I would lie through my teeth, without hesitation.

I would say, while I’m not willing to elaborate on something as deeply personal as my medical condition, I am uncomfortable with this interaction. Would love to see you another time, perhaps when things look better. I know I can rely on your discretion to NOT discuss my medical status with anyone else. Thank you for your understanding, sending our love!

Done and done.

Why is it always up to us to compromise with those who refuse to budge? Is the relationship worth saving to the person who refuses to get a vaccine? Apparently not. If it’s not worth it to them to go through a minor inconvenience to save the relationship, then why should it be worth it to me?

The personal cost is the elimination of toxic people from your life who would put you and yours into danger in order to indulge in their irrationality.

Not that high a cost, IMHO.

All you are doing if you enable them is ensuring that they pay no personal cost for their actions.

OP, you are not being a jerk. It is perfectly reasonable to want to protect yourself and your family from an unprecedented public health crisis.
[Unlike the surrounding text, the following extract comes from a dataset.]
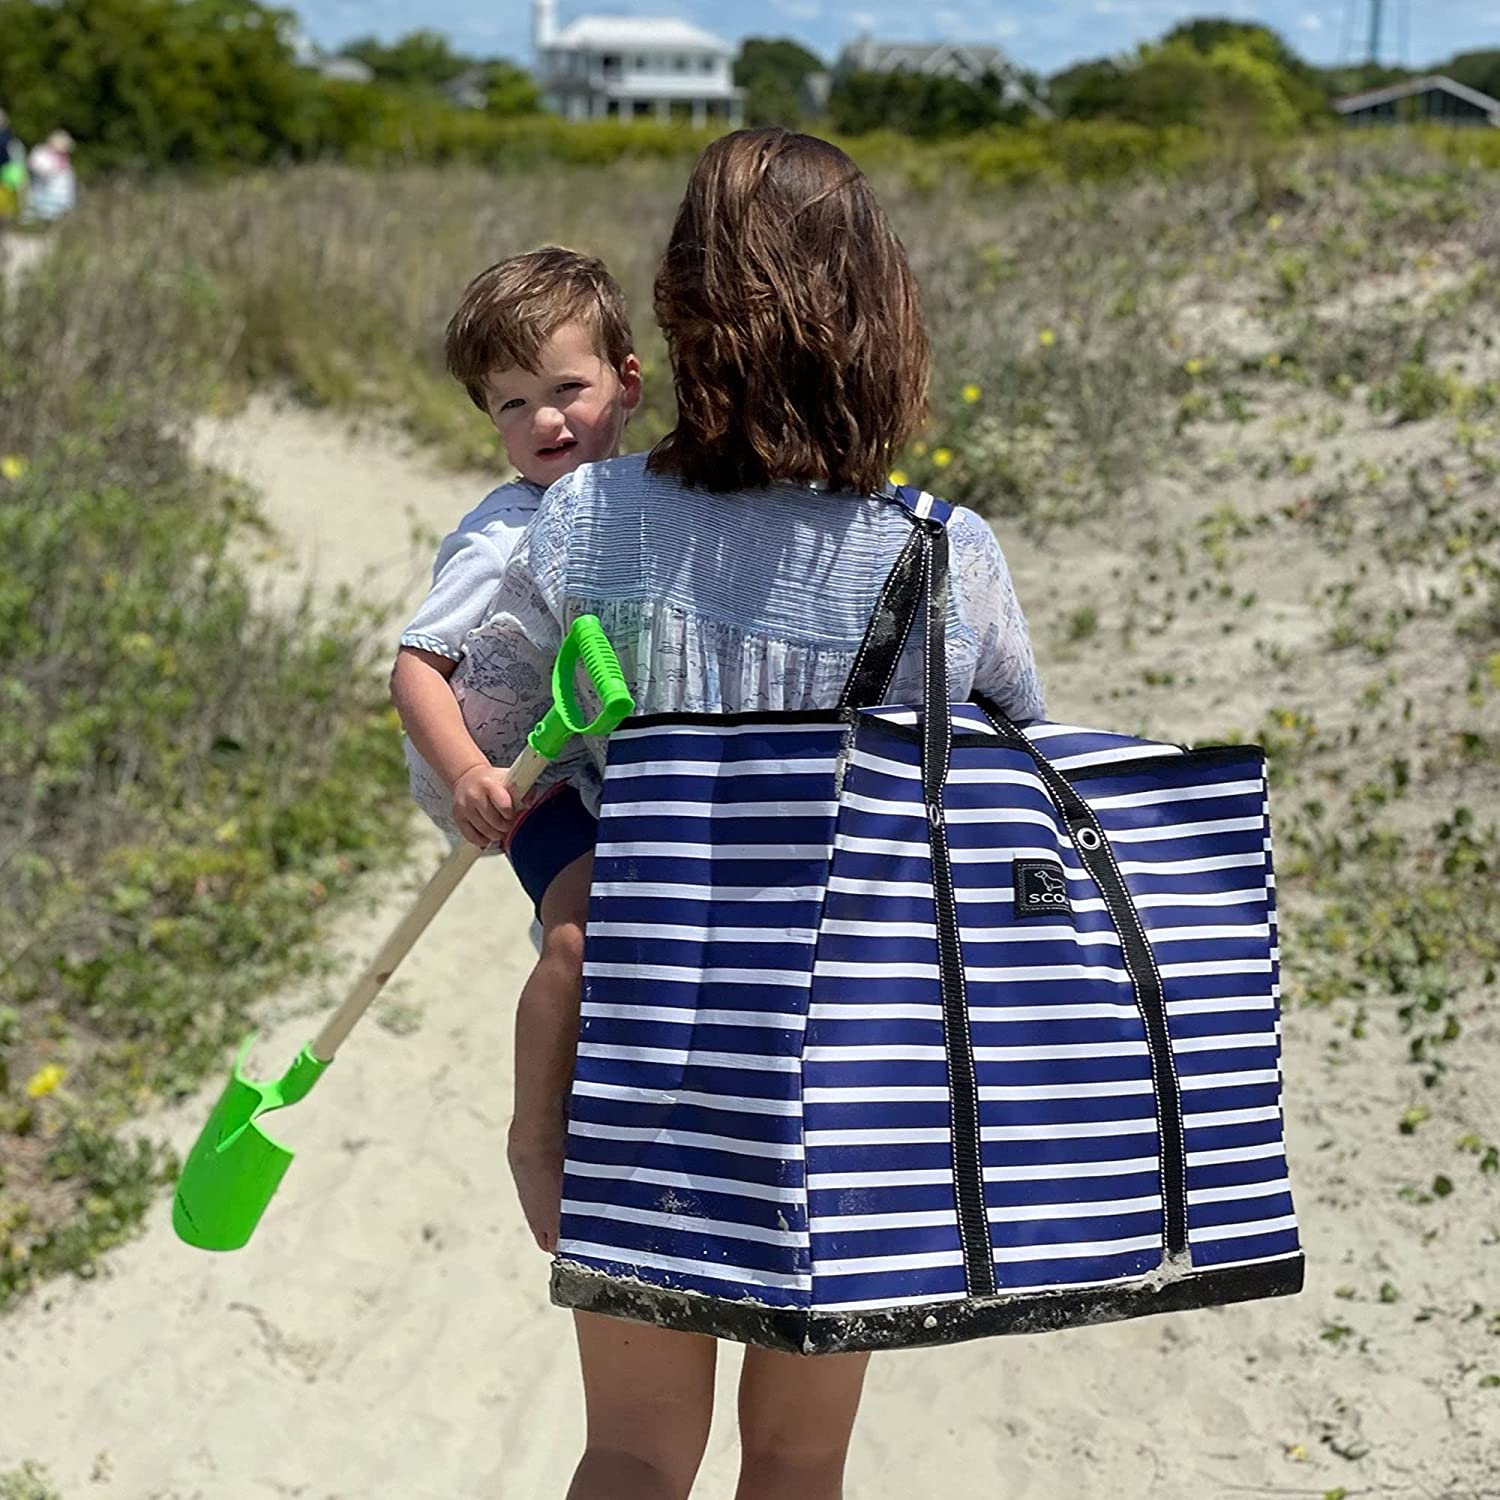 Ladies Large Beach Shoulder Bag Holiday Tote Shopping Reusable Handbag Canvas
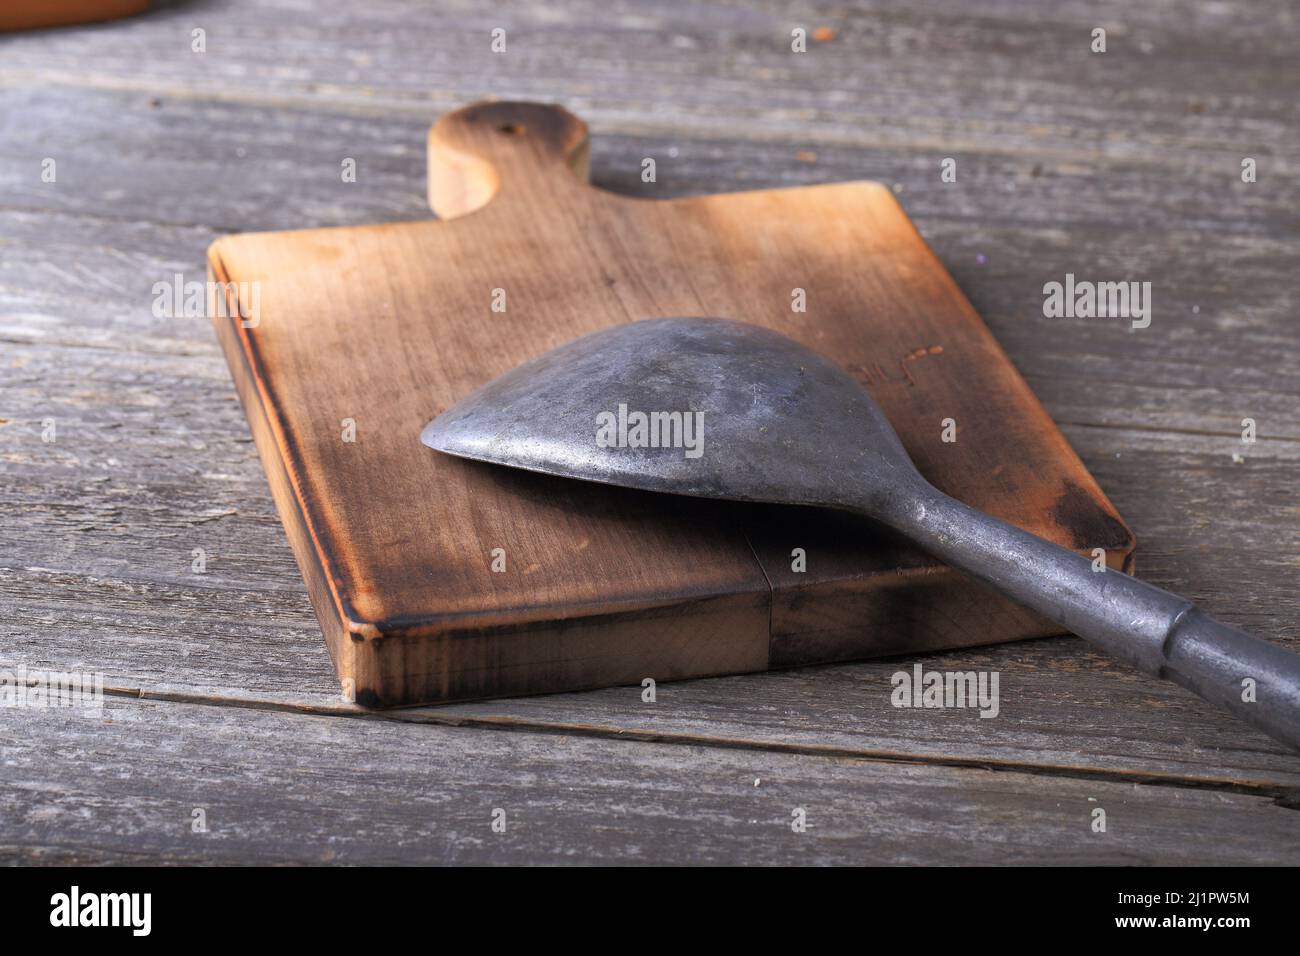 Utensile da cucina in metallo su tagliere in legno Foto Stock

I tend towards being direct, so I would tell the person why they were not welcome, or only welcome under certain circumstances, but however you want to communicate to the relative how you are willing to see them is fine.

I am constantly amazed at people like your relative who insist on making an already difficult and stressful situation like the pandemic more difficult and stressful and I think that they get away with it because they often don’t suffer any consequences for their bad behavior.

Is she justified in preventing you from attending her wedding in order to stick to hers?

I have a whole lot of differences with my parents. They supported Trump, and while they don’t quite buy into the big lie, they have some questions about the election.

But, they got vaccinated, so I visited and even gave my mother a hug on Mother’s day.

I guess if that’s what she prefers to getting a vaccine to protect both herself and around her, then the cost to her isn’t that high.

Of course, if you cave, then she pays no cost at all.

Yes, that we should indulge in their stubborness by caving in and enabling it.

I love and respect my daughter and new son-in-law so much for eloping and streaming their wedding recently just to avoid any awkward situations.

I get your point, but there are so many valid, logical workarounds.

I’d be overjoyed if my daughter and future son-in-law made that decision. I’m biting my tongue and hoping they will come around but it doesn’t seem to be in the cards given their current plans.

And why would they make that decision if they know that it comes at no personal cost to them?